Dataset items ▸
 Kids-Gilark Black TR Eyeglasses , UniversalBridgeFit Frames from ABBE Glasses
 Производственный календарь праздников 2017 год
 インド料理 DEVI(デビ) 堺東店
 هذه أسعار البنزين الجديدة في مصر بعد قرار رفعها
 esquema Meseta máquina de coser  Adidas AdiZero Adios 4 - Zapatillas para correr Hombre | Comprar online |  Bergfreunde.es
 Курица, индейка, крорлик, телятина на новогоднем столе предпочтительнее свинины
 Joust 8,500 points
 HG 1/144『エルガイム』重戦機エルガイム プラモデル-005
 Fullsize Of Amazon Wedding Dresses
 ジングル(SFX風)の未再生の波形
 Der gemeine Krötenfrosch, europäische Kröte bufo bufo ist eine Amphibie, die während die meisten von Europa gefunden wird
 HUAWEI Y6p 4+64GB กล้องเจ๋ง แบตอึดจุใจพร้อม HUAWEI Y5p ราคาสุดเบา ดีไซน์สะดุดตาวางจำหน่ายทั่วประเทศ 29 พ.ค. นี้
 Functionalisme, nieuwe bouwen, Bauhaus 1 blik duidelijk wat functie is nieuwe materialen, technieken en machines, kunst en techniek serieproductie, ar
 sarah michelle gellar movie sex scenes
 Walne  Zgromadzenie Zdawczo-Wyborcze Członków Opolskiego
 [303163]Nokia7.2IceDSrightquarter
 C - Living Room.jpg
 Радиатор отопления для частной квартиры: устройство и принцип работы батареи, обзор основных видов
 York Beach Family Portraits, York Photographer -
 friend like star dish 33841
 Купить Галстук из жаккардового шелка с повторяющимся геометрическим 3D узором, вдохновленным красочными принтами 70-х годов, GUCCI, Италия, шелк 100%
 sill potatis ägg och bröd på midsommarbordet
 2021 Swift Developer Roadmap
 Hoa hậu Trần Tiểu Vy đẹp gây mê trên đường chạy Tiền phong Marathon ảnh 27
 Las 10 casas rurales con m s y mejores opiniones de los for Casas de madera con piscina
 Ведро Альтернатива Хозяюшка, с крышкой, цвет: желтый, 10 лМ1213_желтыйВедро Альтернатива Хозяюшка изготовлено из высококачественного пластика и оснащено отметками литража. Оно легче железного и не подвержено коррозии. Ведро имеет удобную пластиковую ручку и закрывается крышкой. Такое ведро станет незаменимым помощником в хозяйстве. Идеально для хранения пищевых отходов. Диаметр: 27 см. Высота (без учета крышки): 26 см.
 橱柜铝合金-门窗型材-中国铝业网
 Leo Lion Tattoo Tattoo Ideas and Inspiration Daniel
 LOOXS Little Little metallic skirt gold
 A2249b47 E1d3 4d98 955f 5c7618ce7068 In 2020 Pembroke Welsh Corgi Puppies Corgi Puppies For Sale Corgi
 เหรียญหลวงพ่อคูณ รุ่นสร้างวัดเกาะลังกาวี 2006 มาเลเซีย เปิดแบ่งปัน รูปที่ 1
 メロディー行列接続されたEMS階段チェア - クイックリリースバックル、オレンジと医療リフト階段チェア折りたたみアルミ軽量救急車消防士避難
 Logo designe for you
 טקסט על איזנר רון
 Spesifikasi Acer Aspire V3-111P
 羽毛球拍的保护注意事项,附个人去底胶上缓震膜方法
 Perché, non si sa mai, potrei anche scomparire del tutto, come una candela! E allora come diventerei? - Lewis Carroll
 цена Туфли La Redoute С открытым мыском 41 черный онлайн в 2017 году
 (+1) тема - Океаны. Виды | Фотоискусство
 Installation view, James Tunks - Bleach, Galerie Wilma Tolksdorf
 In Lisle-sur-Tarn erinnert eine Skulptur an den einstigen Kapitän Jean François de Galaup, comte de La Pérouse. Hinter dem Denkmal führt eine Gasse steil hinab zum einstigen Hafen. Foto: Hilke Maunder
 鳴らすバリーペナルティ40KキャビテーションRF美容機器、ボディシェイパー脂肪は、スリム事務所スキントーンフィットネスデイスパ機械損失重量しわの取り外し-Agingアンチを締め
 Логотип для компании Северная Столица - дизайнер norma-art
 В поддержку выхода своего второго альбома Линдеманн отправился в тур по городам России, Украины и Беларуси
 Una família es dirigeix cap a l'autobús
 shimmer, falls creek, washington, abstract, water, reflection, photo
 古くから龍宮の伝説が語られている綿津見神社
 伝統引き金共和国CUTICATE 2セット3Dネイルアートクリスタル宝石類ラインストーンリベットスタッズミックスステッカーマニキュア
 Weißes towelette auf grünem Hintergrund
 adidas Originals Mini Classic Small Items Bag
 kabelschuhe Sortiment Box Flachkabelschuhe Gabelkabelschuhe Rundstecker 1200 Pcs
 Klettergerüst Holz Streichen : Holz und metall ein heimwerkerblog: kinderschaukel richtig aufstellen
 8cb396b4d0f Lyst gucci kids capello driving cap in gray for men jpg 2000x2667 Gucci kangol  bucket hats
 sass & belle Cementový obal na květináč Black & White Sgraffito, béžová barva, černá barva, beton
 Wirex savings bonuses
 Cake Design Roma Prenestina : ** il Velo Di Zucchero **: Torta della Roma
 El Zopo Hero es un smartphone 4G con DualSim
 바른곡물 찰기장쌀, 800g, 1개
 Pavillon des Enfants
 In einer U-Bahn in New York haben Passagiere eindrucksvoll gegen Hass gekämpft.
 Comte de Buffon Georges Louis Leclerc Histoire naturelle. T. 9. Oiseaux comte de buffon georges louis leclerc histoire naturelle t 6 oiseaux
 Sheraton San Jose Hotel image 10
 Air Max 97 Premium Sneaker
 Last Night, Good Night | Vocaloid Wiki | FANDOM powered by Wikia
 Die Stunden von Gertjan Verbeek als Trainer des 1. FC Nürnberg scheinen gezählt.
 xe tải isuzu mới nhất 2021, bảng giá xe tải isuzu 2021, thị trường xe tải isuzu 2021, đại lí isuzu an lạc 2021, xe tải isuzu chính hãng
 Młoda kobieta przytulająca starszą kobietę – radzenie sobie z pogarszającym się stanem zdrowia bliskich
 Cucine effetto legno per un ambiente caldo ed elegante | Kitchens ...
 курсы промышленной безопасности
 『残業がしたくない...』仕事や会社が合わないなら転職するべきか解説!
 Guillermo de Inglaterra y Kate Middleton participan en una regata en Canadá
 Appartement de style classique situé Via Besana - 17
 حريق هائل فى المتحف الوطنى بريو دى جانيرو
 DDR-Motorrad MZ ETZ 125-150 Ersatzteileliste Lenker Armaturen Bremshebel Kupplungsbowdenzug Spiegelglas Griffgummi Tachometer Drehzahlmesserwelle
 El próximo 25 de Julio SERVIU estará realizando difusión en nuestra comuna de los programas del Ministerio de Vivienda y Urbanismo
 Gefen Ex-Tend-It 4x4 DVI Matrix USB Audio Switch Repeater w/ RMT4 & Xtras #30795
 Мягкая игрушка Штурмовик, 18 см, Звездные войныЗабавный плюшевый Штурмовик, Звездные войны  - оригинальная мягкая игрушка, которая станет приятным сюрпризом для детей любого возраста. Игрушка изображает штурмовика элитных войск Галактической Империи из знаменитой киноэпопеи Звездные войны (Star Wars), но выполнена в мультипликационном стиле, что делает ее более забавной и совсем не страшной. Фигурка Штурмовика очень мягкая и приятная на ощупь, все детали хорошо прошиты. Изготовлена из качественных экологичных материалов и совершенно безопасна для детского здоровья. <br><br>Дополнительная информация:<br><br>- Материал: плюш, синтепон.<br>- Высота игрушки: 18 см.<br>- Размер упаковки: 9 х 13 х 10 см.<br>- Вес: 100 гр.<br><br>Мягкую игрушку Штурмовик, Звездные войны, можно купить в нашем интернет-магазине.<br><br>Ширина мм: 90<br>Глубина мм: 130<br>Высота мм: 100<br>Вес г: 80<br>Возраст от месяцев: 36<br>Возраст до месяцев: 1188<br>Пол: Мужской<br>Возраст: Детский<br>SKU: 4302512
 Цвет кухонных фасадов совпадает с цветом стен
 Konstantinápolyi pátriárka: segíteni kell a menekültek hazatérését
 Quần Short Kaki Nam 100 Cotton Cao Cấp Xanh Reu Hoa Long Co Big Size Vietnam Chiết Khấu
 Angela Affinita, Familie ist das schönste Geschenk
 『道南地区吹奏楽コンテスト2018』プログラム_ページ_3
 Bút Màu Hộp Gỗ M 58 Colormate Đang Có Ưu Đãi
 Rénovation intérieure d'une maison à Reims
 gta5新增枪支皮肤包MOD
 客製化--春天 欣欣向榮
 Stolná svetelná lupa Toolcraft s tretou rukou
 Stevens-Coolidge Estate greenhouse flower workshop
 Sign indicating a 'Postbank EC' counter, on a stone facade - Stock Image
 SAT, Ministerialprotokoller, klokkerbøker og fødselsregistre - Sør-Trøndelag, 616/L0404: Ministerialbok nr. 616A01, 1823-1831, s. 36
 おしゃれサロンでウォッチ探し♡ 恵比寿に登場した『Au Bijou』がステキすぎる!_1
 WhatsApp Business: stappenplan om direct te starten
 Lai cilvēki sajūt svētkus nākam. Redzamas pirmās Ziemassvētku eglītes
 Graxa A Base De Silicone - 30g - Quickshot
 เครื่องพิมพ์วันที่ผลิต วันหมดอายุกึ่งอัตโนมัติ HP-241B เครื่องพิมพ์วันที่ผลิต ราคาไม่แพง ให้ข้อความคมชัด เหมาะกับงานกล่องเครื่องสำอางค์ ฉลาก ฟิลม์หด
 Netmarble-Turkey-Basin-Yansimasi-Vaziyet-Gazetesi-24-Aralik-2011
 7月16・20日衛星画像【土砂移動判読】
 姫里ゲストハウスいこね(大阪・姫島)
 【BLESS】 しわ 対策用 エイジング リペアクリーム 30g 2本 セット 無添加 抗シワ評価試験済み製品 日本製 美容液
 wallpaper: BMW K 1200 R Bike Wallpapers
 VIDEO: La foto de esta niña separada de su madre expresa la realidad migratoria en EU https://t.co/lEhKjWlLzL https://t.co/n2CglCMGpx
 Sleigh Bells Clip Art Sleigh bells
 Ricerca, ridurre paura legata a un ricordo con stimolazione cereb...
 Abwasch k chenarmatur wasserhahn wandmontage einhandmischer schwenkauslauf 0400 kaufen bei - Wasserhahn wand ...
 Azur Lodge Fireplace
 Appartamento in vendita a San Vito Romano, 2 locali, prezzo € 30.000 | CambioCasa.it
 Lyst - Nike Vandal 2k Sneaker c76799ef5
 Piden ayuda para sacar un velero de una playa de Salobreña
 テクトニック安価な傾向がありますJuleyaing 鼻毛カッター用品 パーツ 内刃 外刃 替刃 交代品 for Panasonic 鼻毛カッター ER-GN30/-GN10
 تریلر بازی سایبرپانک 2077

TASK DETAILS ▸ What you return must match, line for line, the data from the line containing "テクトニック安価な傾向がありますJuleyaing 鼻毛カッター用品 パーツ" to its end, both ends included.

TASK RESPONSE ▸
 テクトニック安価な傾向がありますJuleyaing 鼻毛カッター用品 パーツ 内刃 外刃 替刃 交代品 for Panasonic 鼻毛カッター ER-GN30/-GN10
 تریلر بازی سایبرپانک 2077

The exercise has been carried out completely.